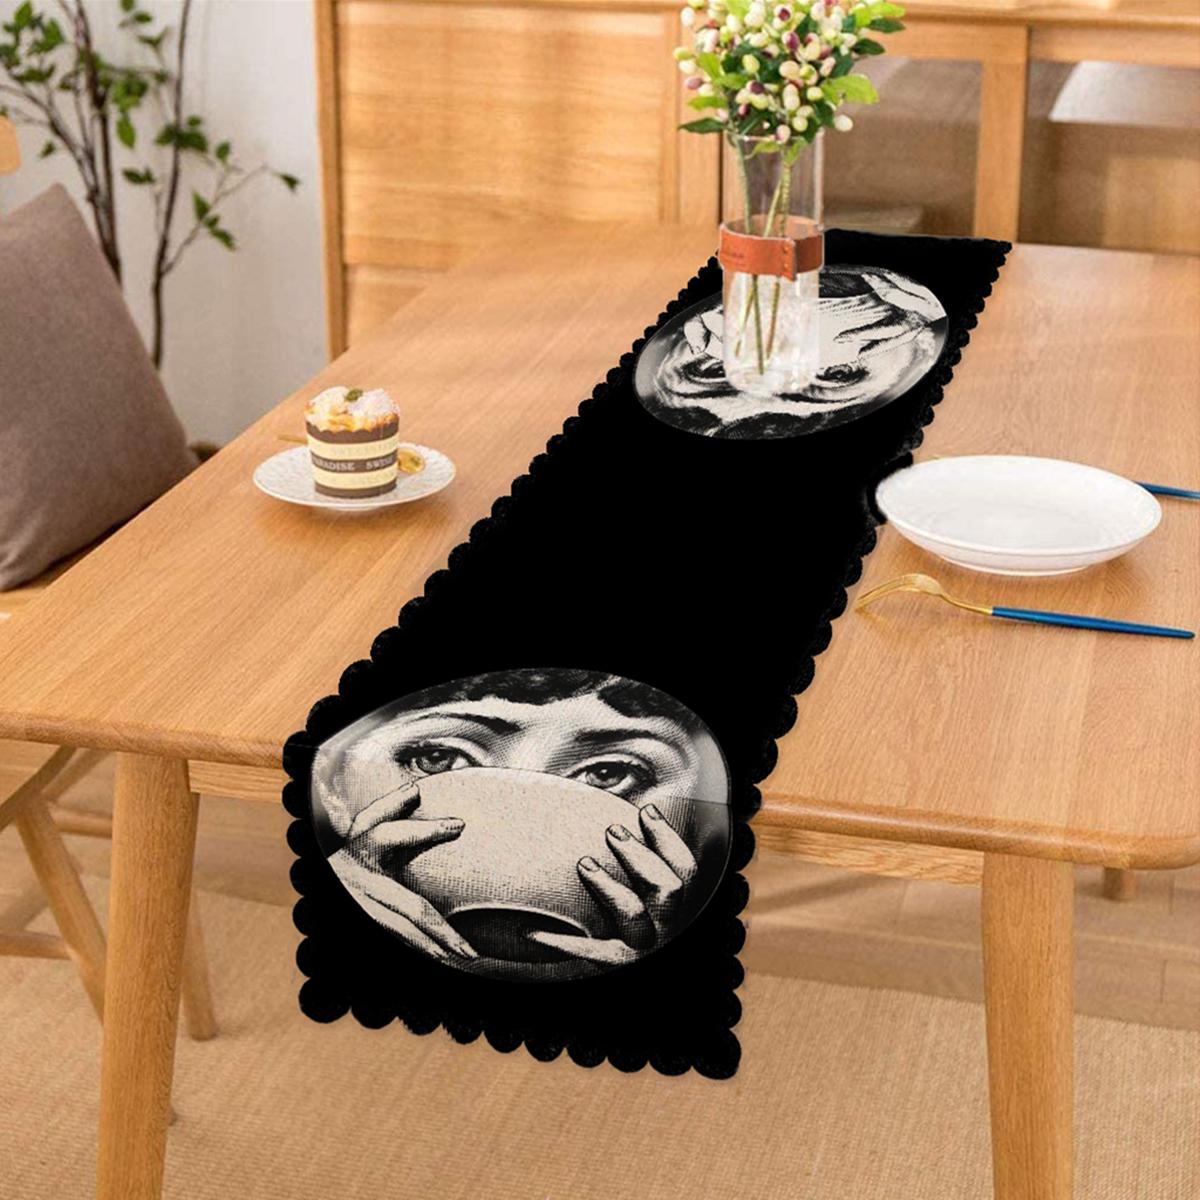 Siyah Beyaz Fornasetti Tasarımlı Dijital Baskılı Runner Realhomes
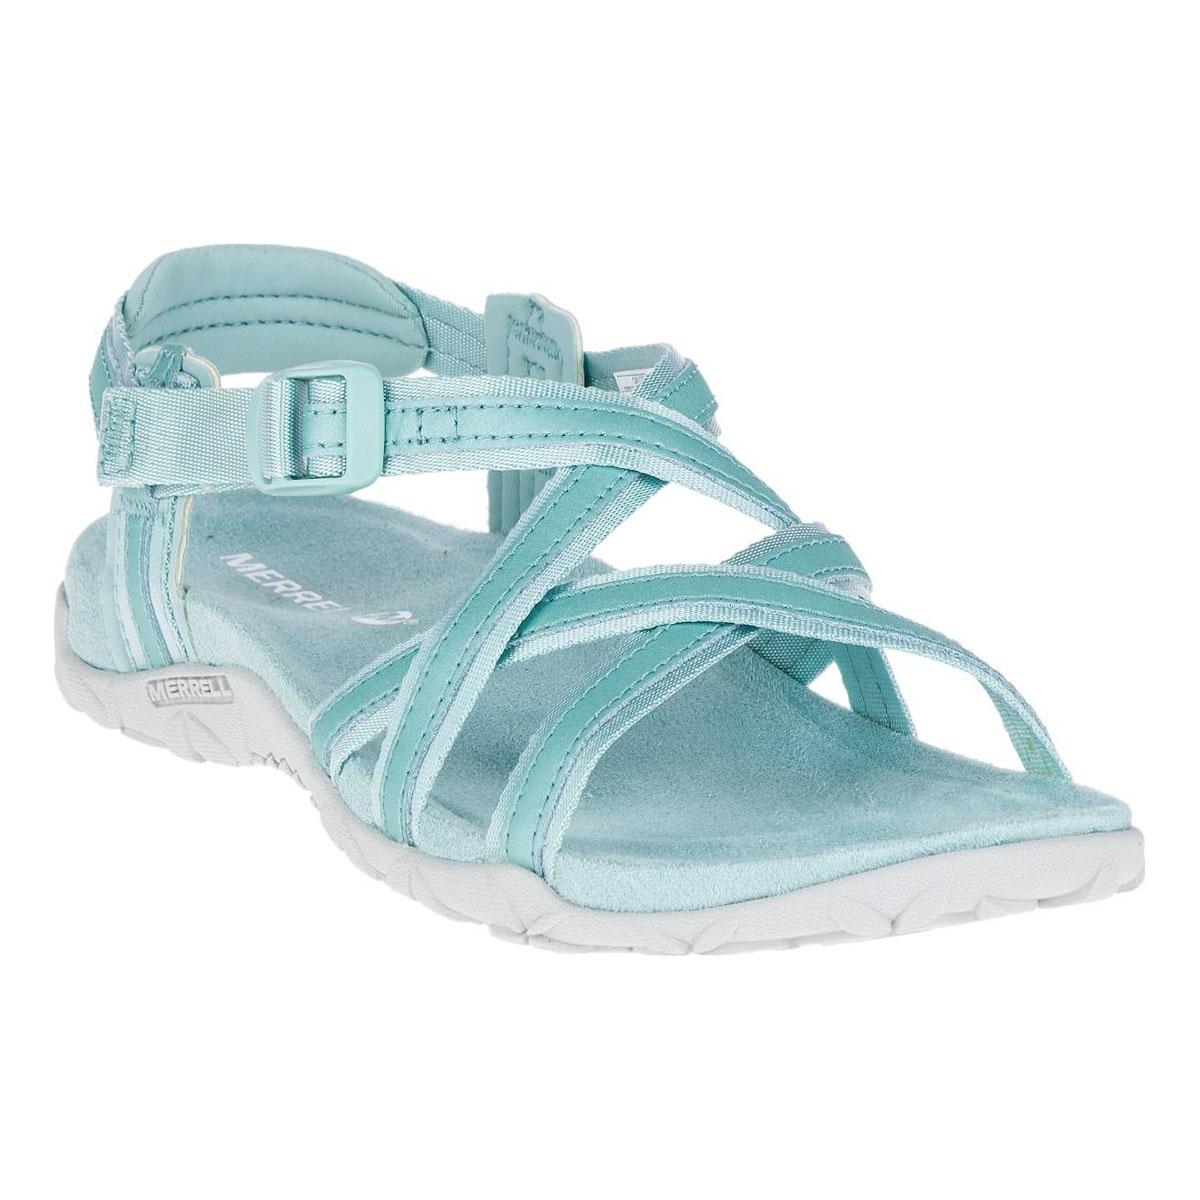 9b465a7584a9 ... Image of Merrell Terran Ari Lattice Sandals (Women s) - Aquifer
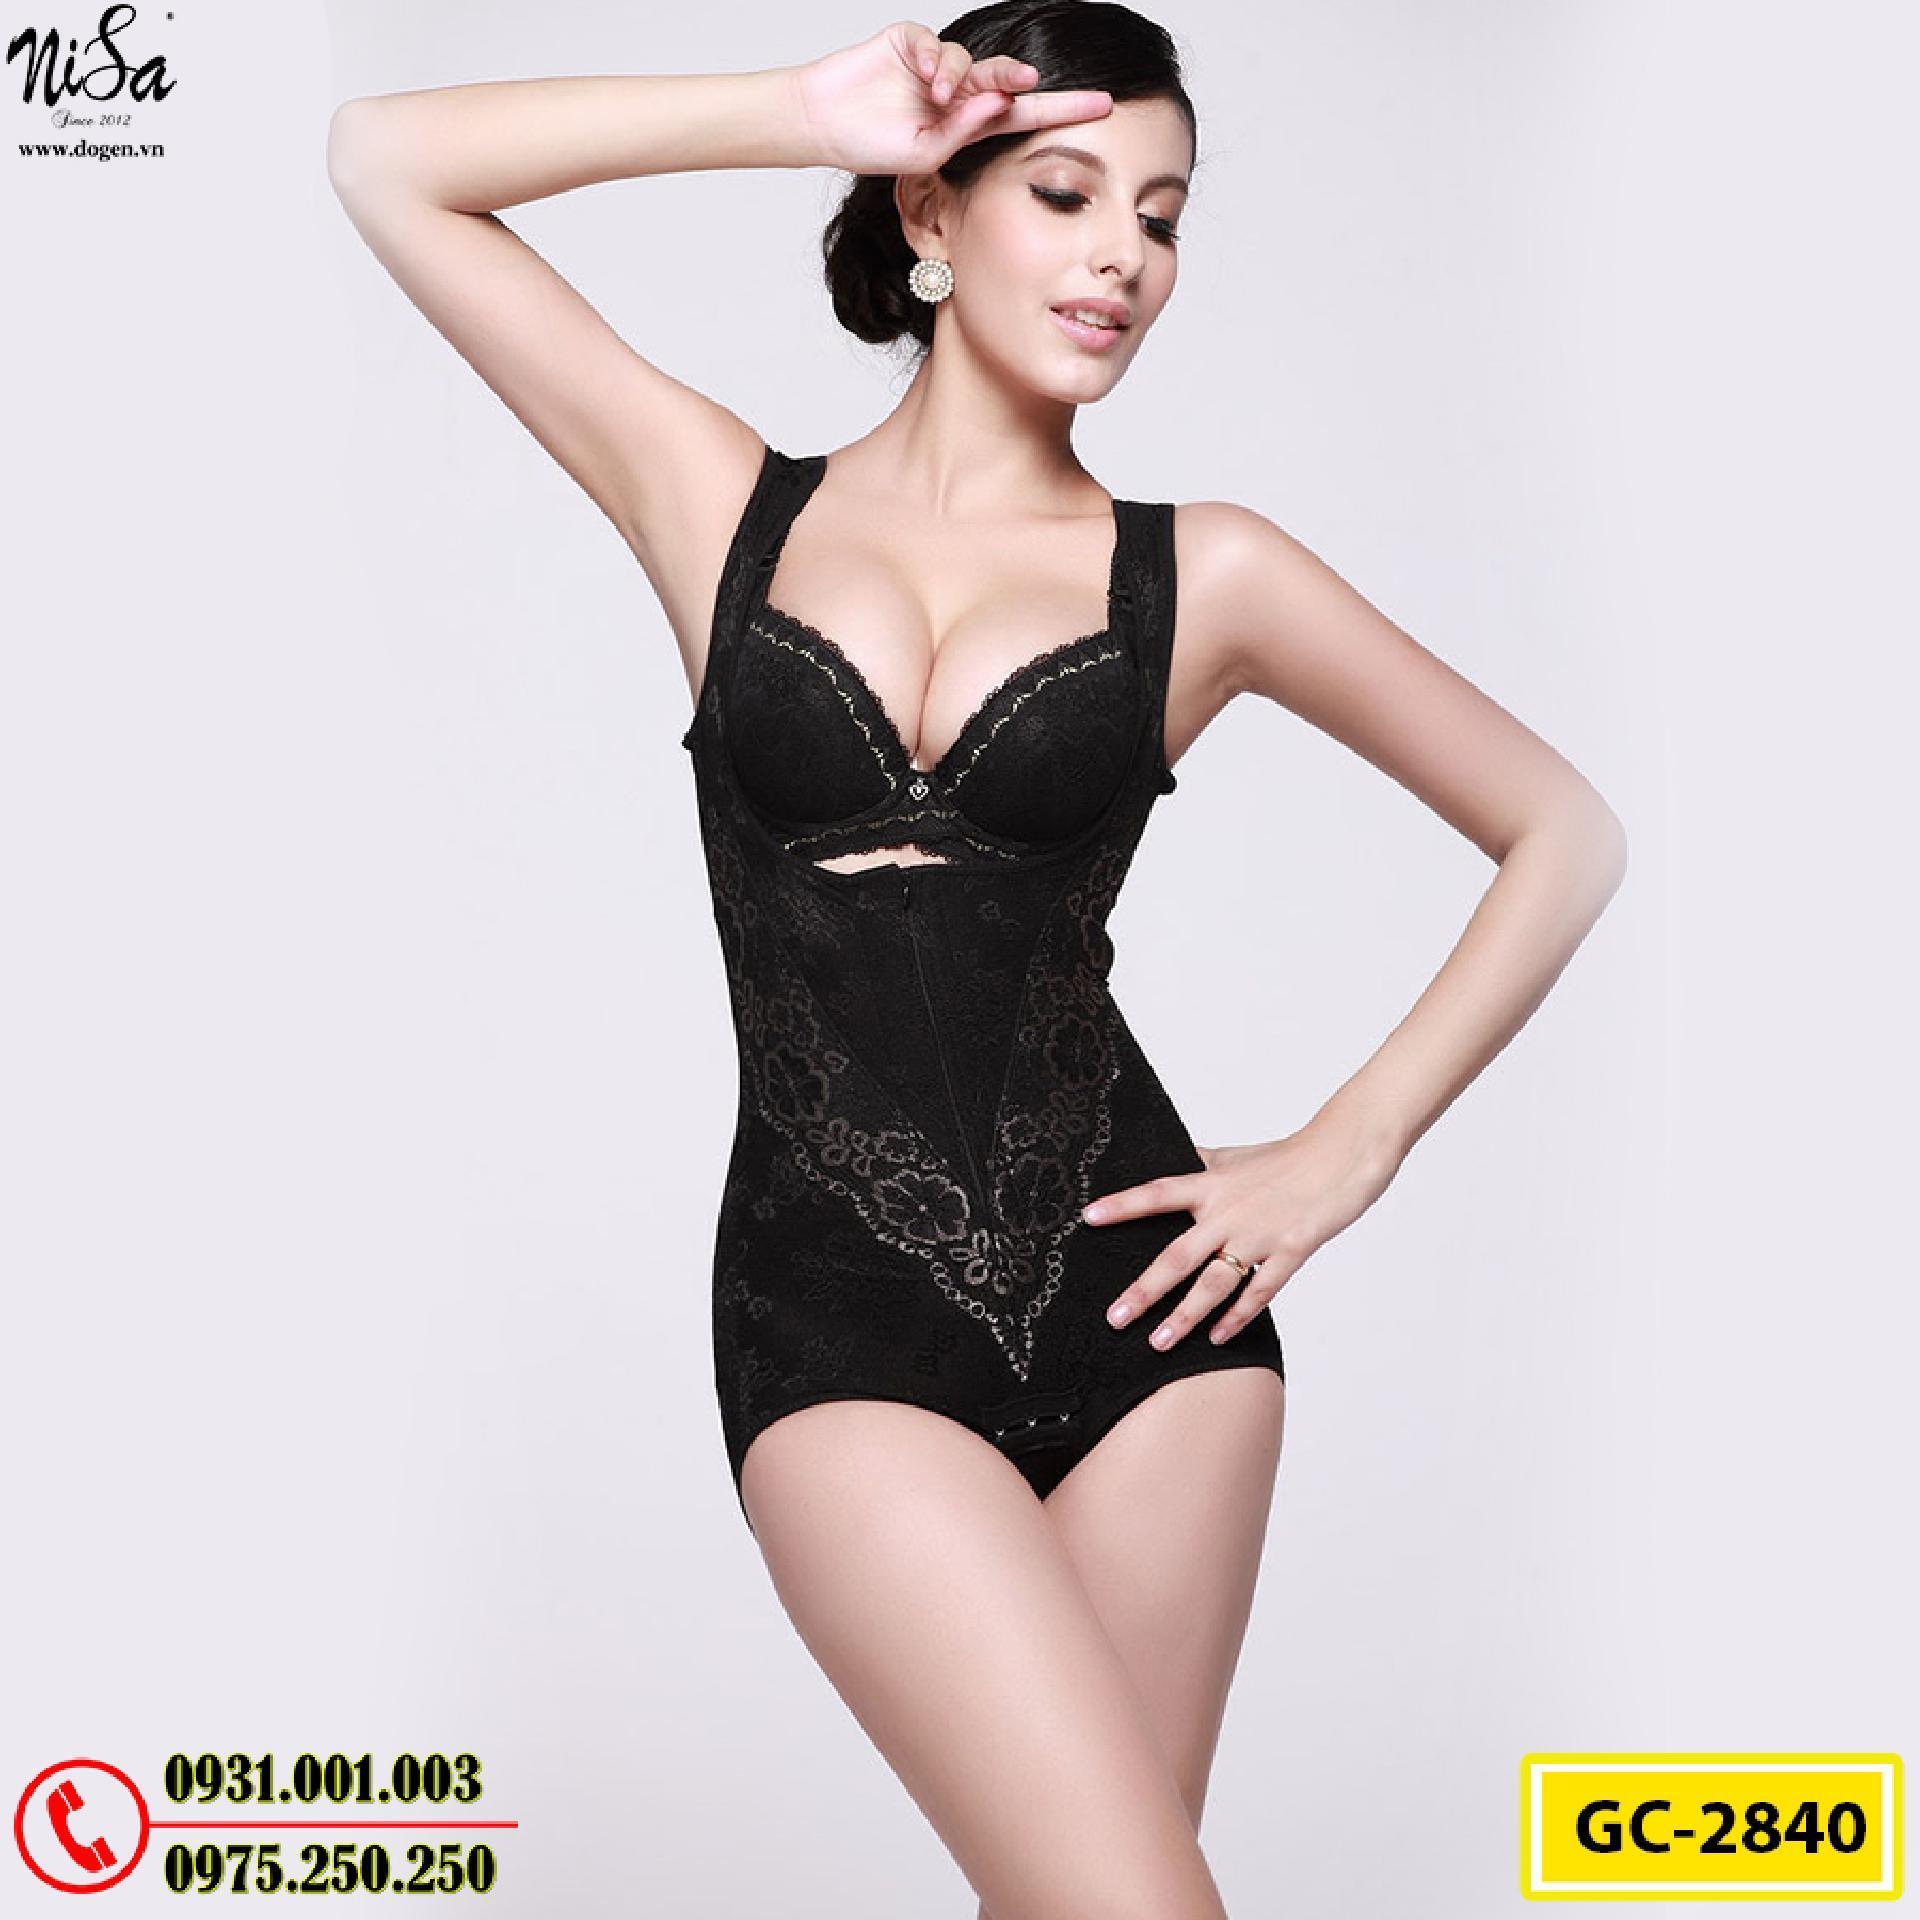 Đồ Lót Định Hình - Quần Áo Gen Định Hình Bikini Liền Thân Cao Cấp (Cod: GC-2840)

***

§ **YOUR INSTRUCTIONS**:
Your answer should reproduce every line of the data verbatim and include no images.

§ **RESPONSE**:
 Siyah Beyaz Fornasetti Tasarımlı Dijital Baskılı Runner Realhomes
 9b465a7584a9 ... Image of Merrell Terran Ari Lattice Sandals (Women s) - Aquifer
 Đồ Lót Định Hình - Quần Áo Gen Định Hình Bikini Liền Thân Cao Cấp (Cod: GC-2840)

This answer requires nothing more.